What Are Tokens?
Tokens are the atomic units LLMs read and write. Learn why tokenisation matters for cost, context limits, and model behaviour.
In the last lesson we said LLMs predict the next token. But we skipped over what a token actually is. This lesson fixes that - because tokens are not words, they are not characters, and the distinction causes real, practical problems if you do not understand it.
A chef reads a recipe word by word and understands each ingredient as a whole concept. A tokeniser works more like a printing press with pre-cut letter blocks - it breaks text into the most efficient reusable chunks from a fixed vocabulary of about 50,000 pieces. Common words like 'the' or 'run' get their own block. Rare or long words get chopped into multiple smaller blocks. The word 'Transformers' might be ['Trans', 'formers']. The word 'Unbelievable' might be ['Un', 'believ', 'able']. An emoji like 🚀 might consume 3 tokens. A date like '2026-06-06' might become ['2026', '-', '06', '-', '06'] - five tokens for what you think of as one value.
'Unbelievable' → 3 tokens: ['Un', 'believ', 'able']
'ChatGPT' → 3 tokens: ['Chat', 'G', 'PT']
'192.168.1.1' → 7 tokens (each number and dot is separate)
100 English words → ~130–150 tokens on average
Rule of thumb: 1 token ≈ 4 characters of English text. Non-English languages are often less efficient - the same sentence in Hindi or Arabic can cost 2–3× more tokens than English.
Why this hits your wallet. Every API call to a language model is billed per token - input tokens and output tokens separately. GPT-4o charges roughly $2.50 per million input tokens and $10 per million output tokens. If you send a 50-page PDF (about 25,000 words ≈ 33,000 tokens) to the model in every request, you are spending real money on context that may be 90% irrelevant to the question being asked. This is exactly why RAG exists - instead of dumping the whole document, you retrieve only the 3–5 most relevant chunks.

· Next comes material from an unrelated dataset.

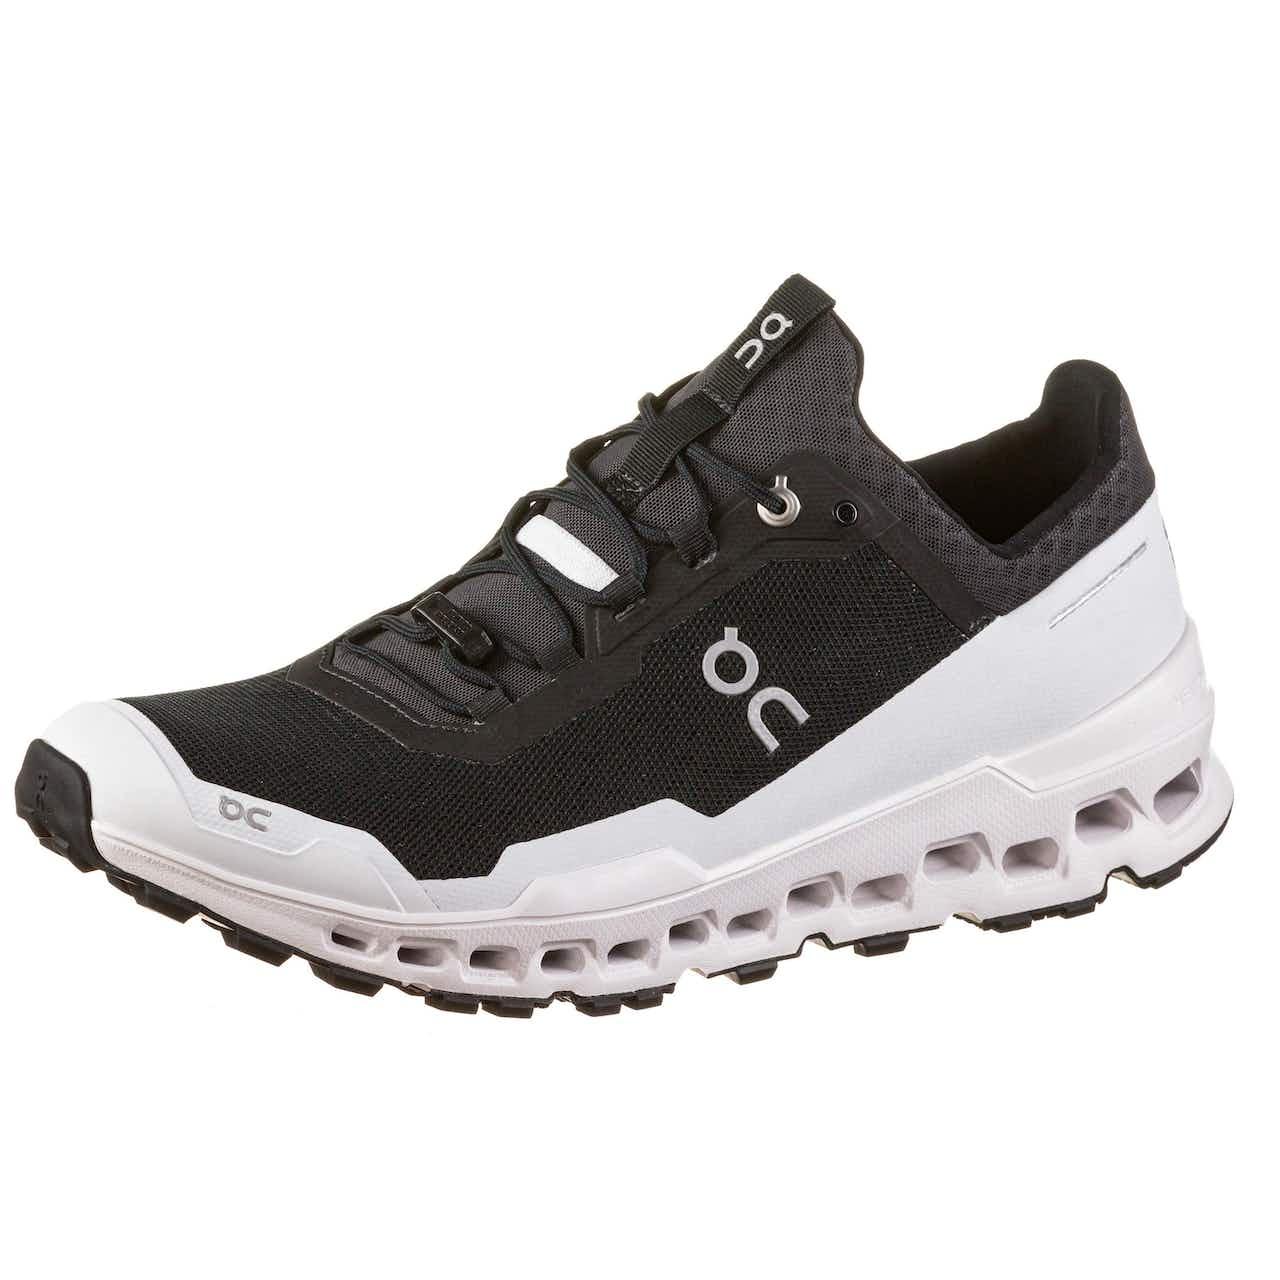 ON Cloudultra Trailrunning Schuhe Herren

import tiktoken # pip install tiktoken
enc = tiktoken.encoding_for_model("gpt-4o")
texts = [
"hello world",
"Retrieval-Augmented Generation",
"2026-06-06",
"192.168.1.1",
]
for text in texts:
tokens = enc.encode(text)
decoded = [enc.decode([t]) for t in tokens]
print(f"{text!r:40} → {len(tokens)} tokens: {decoded}")
# Output:
# 'hello world' → 2 tokens: ['hello', ' world']
# 'Retrieval-Augmented Generation' → 4 tokens: ['Retrieval', '-Aug', 'mented', ' Generation']
# '2026-06-06' → 5 tokens: ['2026', '-', '06', '-', '06']
# '192.168.1.1' → 7 tokens: ['192', '.', '168', '.', '1', '.', '1']The context window is a token budget, not a word count. When a model says it has a 128K context window, that means 128,000 tokens of combined space for your system prompt, conversation history, retrieved documents, and the response. Spend 80K on an irrelevant document and you have 48K left. Understanding tokens helps you make deliberate decisions about what to include and what to leave out.